Limitations & Caveats

  • Image data diversity: Maritime welds vary widely in material, geometry, lighting, corrosion, etc. The model must be robust to these variations; overfitting to a narrow set of images is a risk.

  • Depth of defects: If defects are internal or subsurface and not visible in images, optical methods may miss them. Supplementary sensor modalities (ultrasound, radiography) may still be necessary.

  • Compute and deployment constraints: Running models in field conditions (on ships/offshore platforms) may face power, connectivity, and hardware limitations. Ensuring efficient model size, inference speed, and rugged hardware is necessary.

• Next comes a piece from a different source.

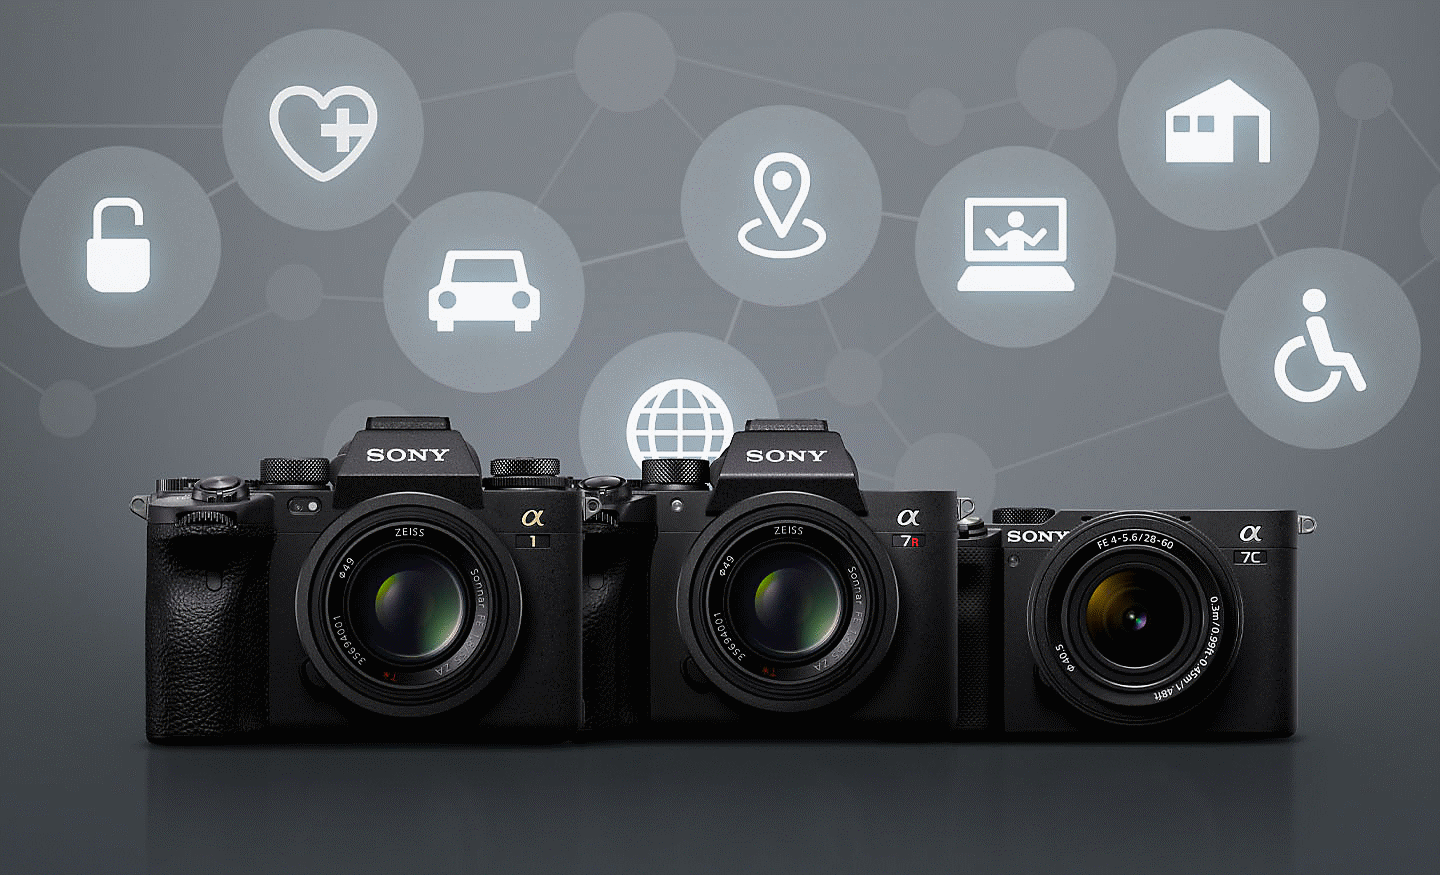 Štyri fotoaparáty od spoločnosti Sony pred sivým pozadím s rôznymi bielymi ikonami predstavujúcimi možnosti pripojenia na diaľku
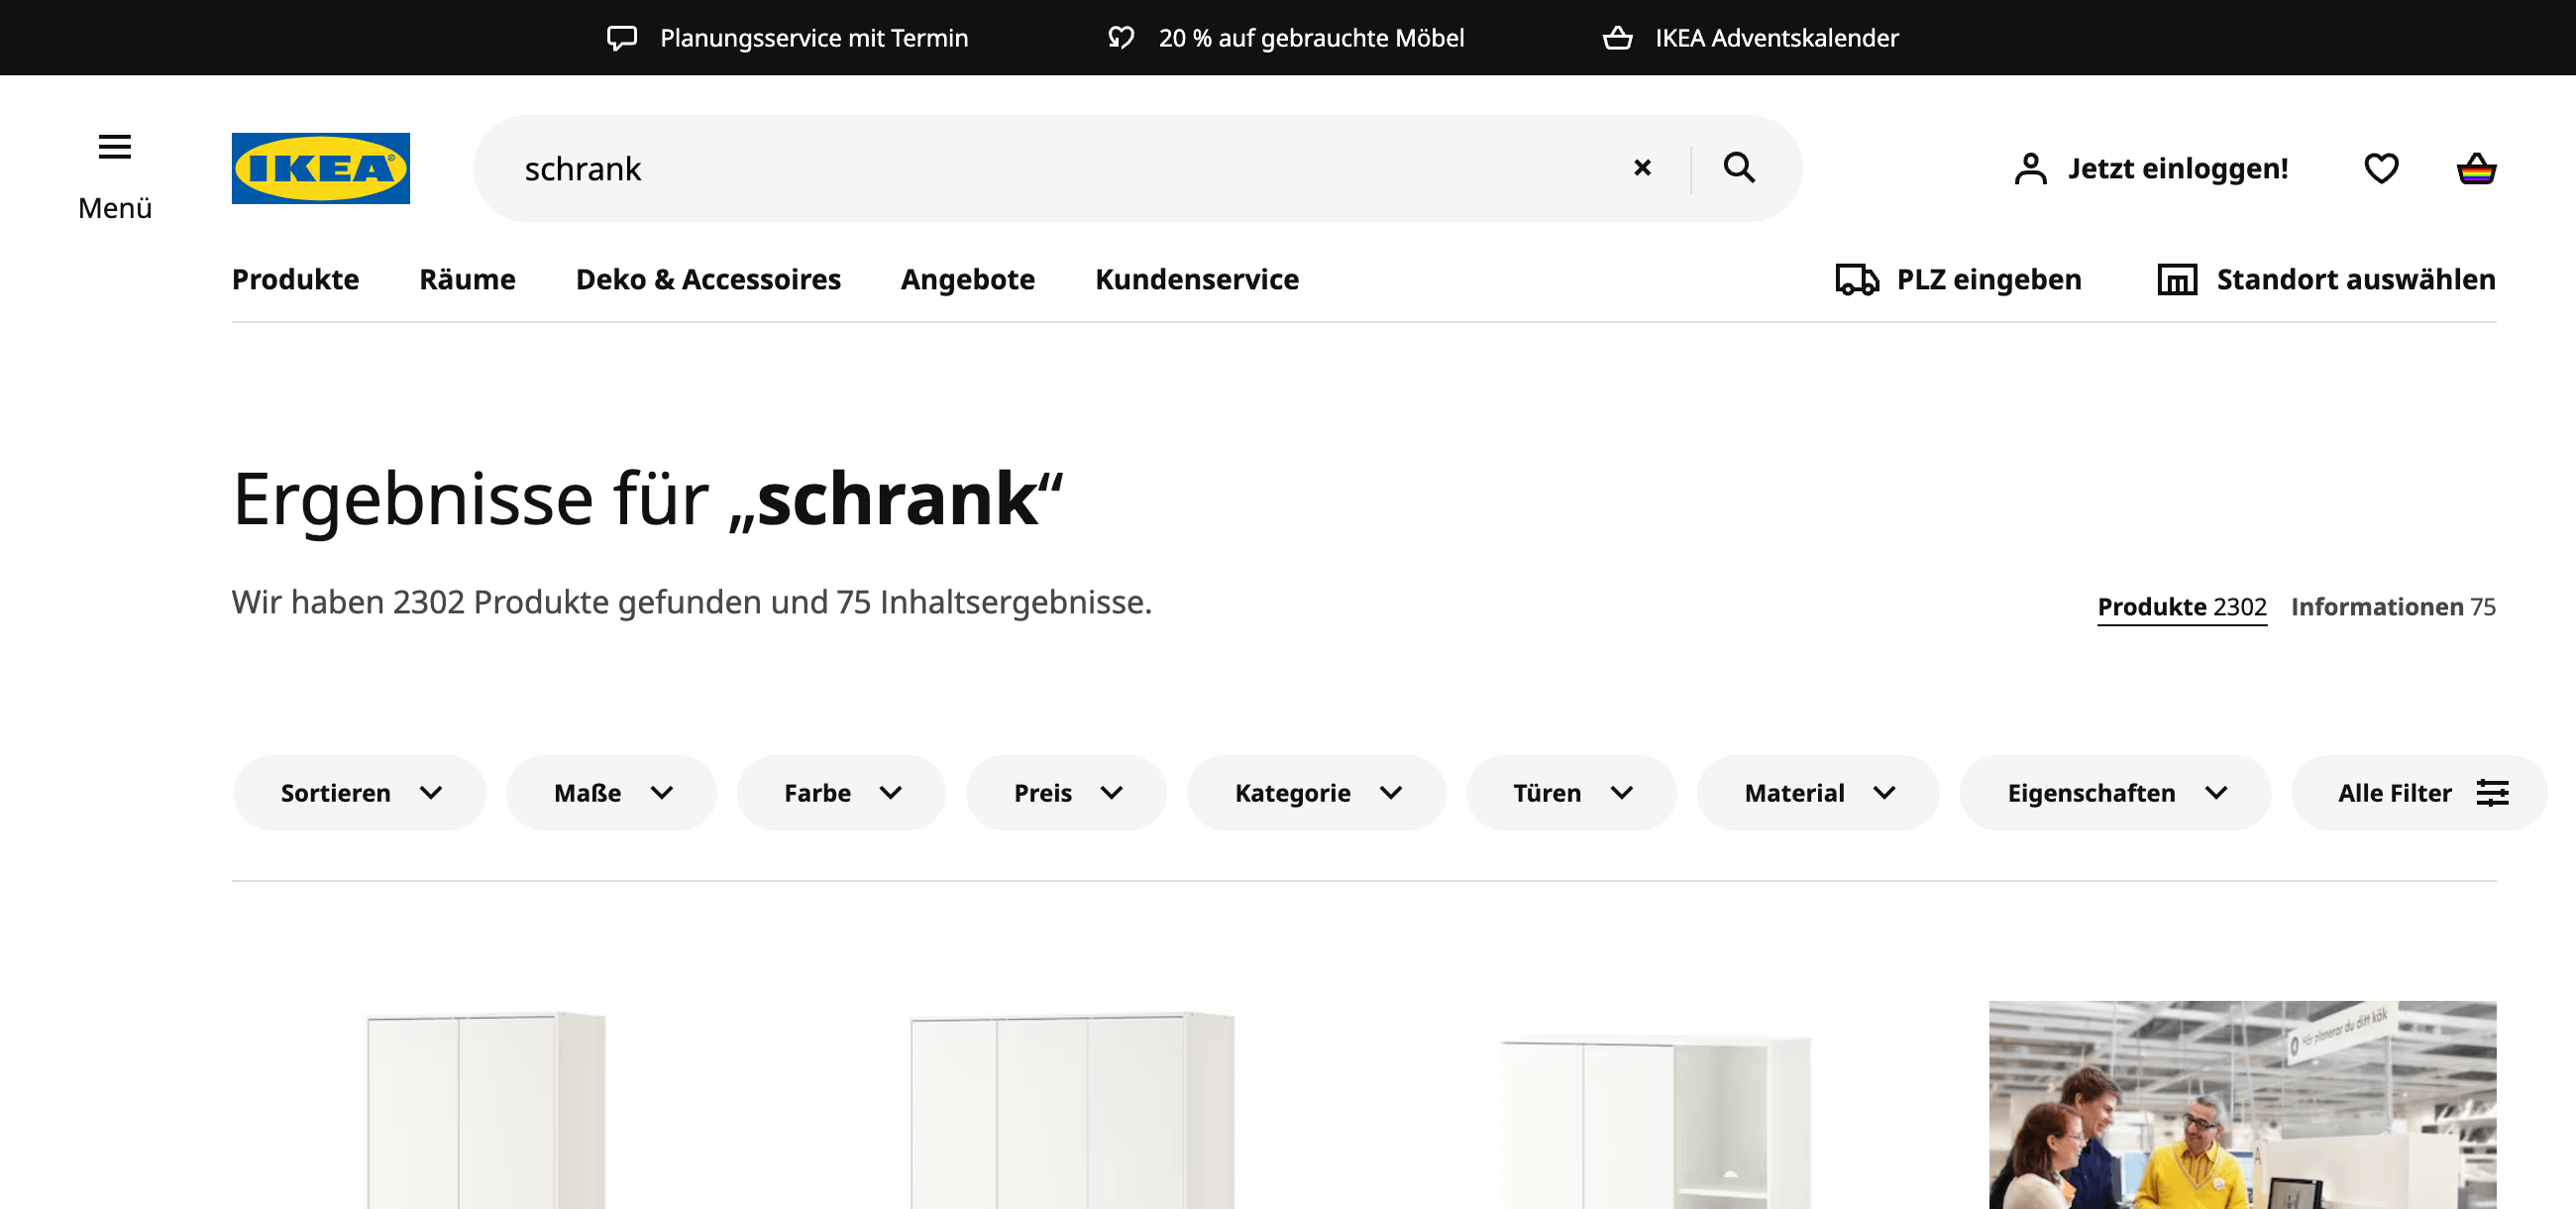 Interne Suchergebnisse auf ikea.com für Deutschland und die Suche nach Schrank. Es werden 2.302 Produktergebnisse gefunden.

  • False positives/negatives cost: In inspection settings, false negatives can be dangerous; false positives can be costly (unnecessary repair). Balance must be carefully managed.

Conclusion

This case study advances welding defect detection by combining performance with interpretability, a crucial step for safe adoption in maritime and offshore contexts. Adapt-WeldNet, with its model selection, interpretability, and human oversight components, offers a promising path forward. For industries with high safety demands, such frameworks are likely to become standard. It also suggests that future welding QA systems will not only need good detection accuracy, but transparency, domain expert integration, and robustness under adverse conditions.